Prove your humanity

Whip out your wildest, flaming-red boas and get ready for a frivolous and frisky show because Rocky Horror Show hits theatres once again.

For those who’ve yearned for a musical to incorporate sub-par science fiction, debauched horror, rock ‘n’ roll and a heavy dose of erotica into a single production, fret not; Richard O’Brien definitely has you covered with his long-standing and quirky masterpiece: Rocky Horror Show.

Follow Brad and Janet, newly-engaged and naïve lovebirds, as they seek help at an ominous castle on a rainy night. Bizarre chaos ensues as they realise that Frank N. Furter and his gothic clique (most notably Riff Raff, Magenta and Columbia) occupy the castle. The madness continues as everyone, even Richard O’Brien as the narrator, participates in the self-explanatory, hip-thrusting dance, The Time Warp, before Frank introduces himself as the pansexual, “sweet transvestite from Transsexual, Transylvania”.

After being completely overwhelmed by the introduction our sweet lovebirds attempt to make an escape, but are almost hypnotised by the increasing madness; especially after Frank announces that they would be celebrating the reveal of his most prized creation, Rocky Horror—a muscular, skimpily clad man made solely for Frank’s physical pleasure.

The show ventures beyond repair as the ridiculous acts continue. A murder takes place, Frank won’t rest ’til he’s sexually conquered both Brad and Janet, and pure madness completely takes over as backs are quickly stabbed; with Frank’s devilish acts serving as a catalyst for further havoc.

Fair warning, this show should not be witnessed while sober.I’m not going to lie, I was taken aback when the first act came to a close in just a mere 35 minutes.
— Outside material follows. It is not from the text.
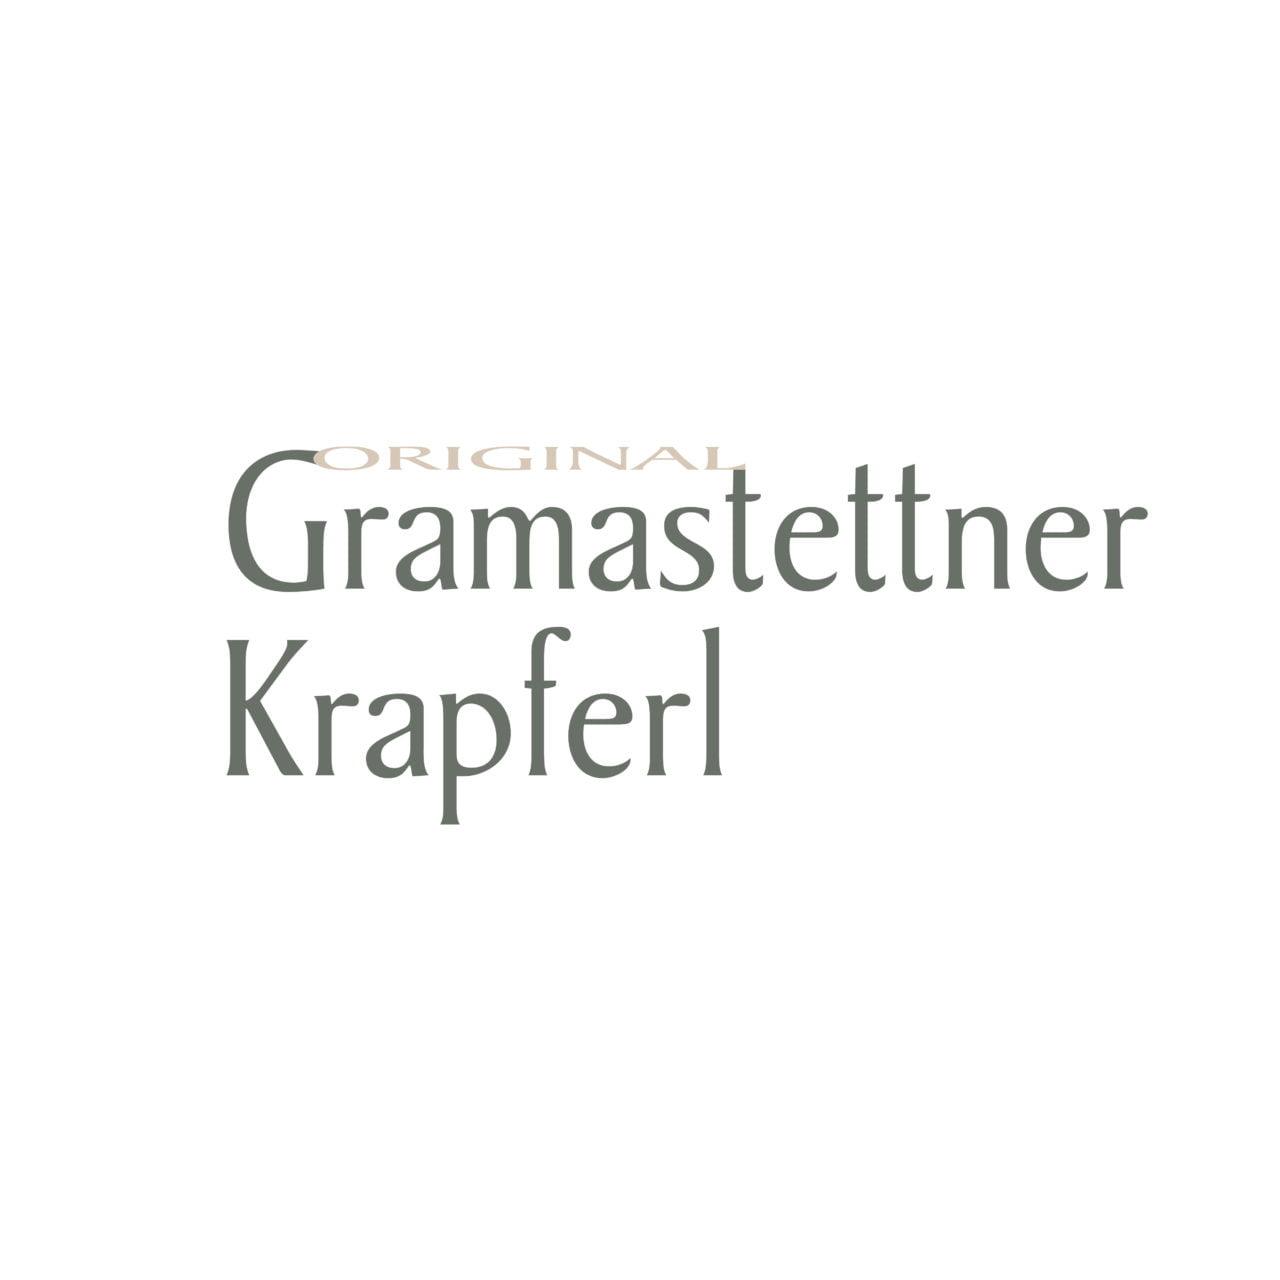 https://www.hummels-krapferl.at/wp-content/uploads/2019/08/Presse_2-1280x1280.jpg
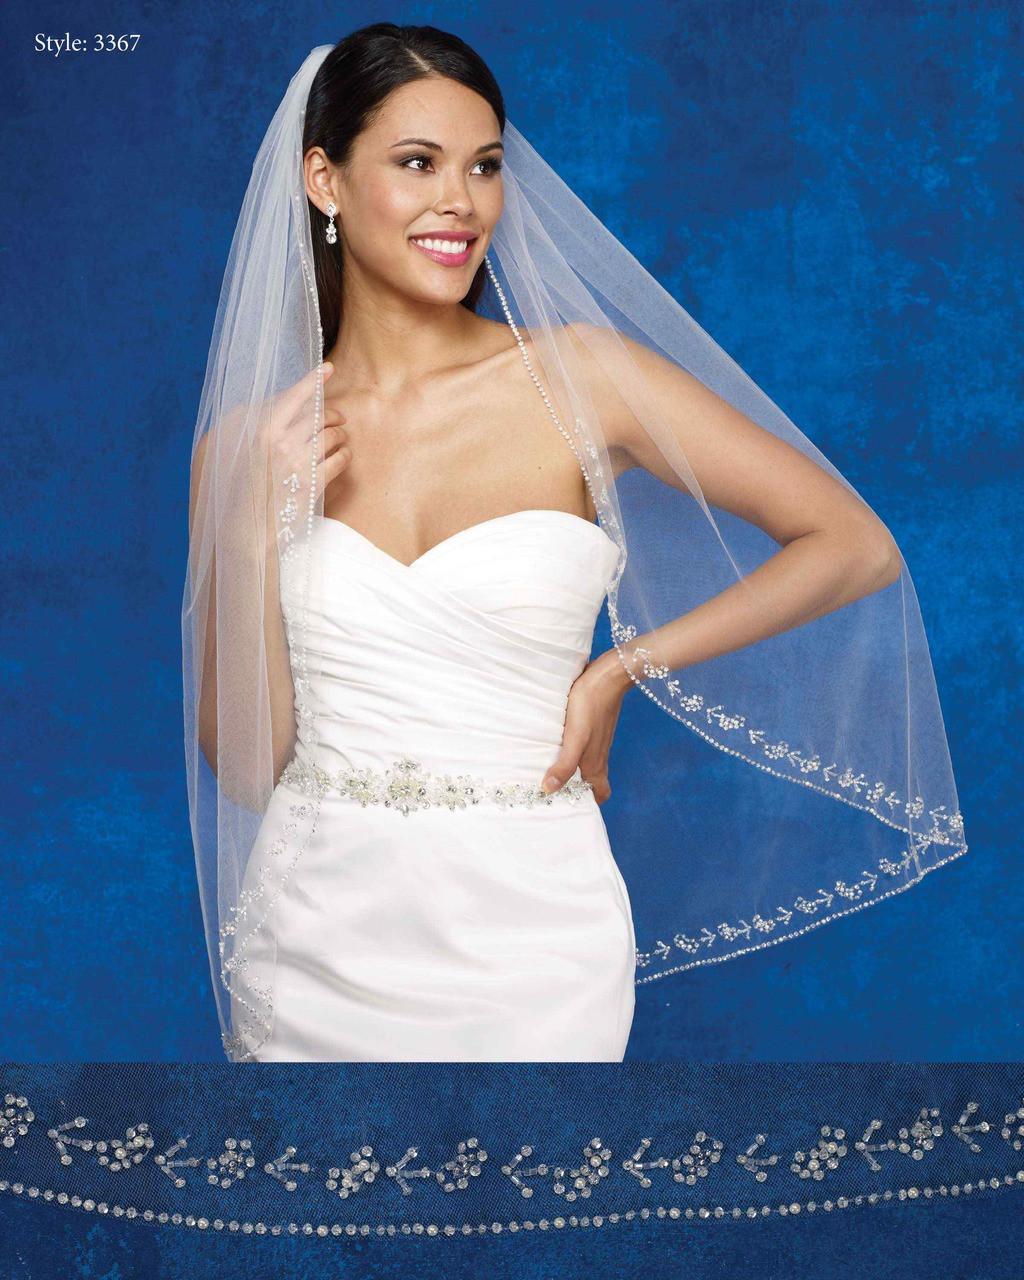 Marionat Bridal Veils 3367- The Bridal Veil Company - Fingertip Beaded Edge

The fact that Rocky Horror Show possesses just half the number of songs that most musicals tend to have truly astounded me. Sure, the lyrics from this show don’t deserve the same praise as those from musical marvels such as Les Misérables, or The Phantom of The Opera; but the current Rocky Horror cast more than made up for the frivolity behind the songs’ lyrics with their magnificent vocals.

However, I’ve got to be Frank with you.

There’s enough raving reviews concerning this show out there, but not enough pointing out how completely deranged this production is. This show may be regarded as a cult classic, but I truly can’t help but feel deeply disturbed by its entirety. Though Frank N. Furter may appear to be extremely charismatic—he seduced Columbia, Rocky, both Brad and Janet and, of course, we can’t forget about Eddie—I can’t help but be left with the impression that this show could not possibly be more of a deterrent to our current society’s values.

For starters, “the transvestites from Transsexual, Transylvania” are portrayed to be manipulative monsters who take advantage of people before proceeding to partake in vicious betrayal. It gets worse as transvestites are portrayed as aliens who are not at all welcomed on Earth. To top it all off (Rocky Horror ‘virgins’ look away) Frank—as the most prominent transvestite—was not only asked to return to his own planet but was even alienated and murdered by his fellow transvestites; all before the last two songs of the show.

Nonetheless, I guarantee that my feelings surrounding Rocky Horror Show are on a completely different wavelength compared to the masses. The show could not have been more widely received as a glorious masterpiece by the audience, as each and every one of them waved their fluffy, red, complementary boas and poured out of the theatre, still gushing about the one-hour-and-thirty-minutes worth of provocative frivolity.

One thing’s for sure, Rocky Horror Show is certainly not for the faint of heart.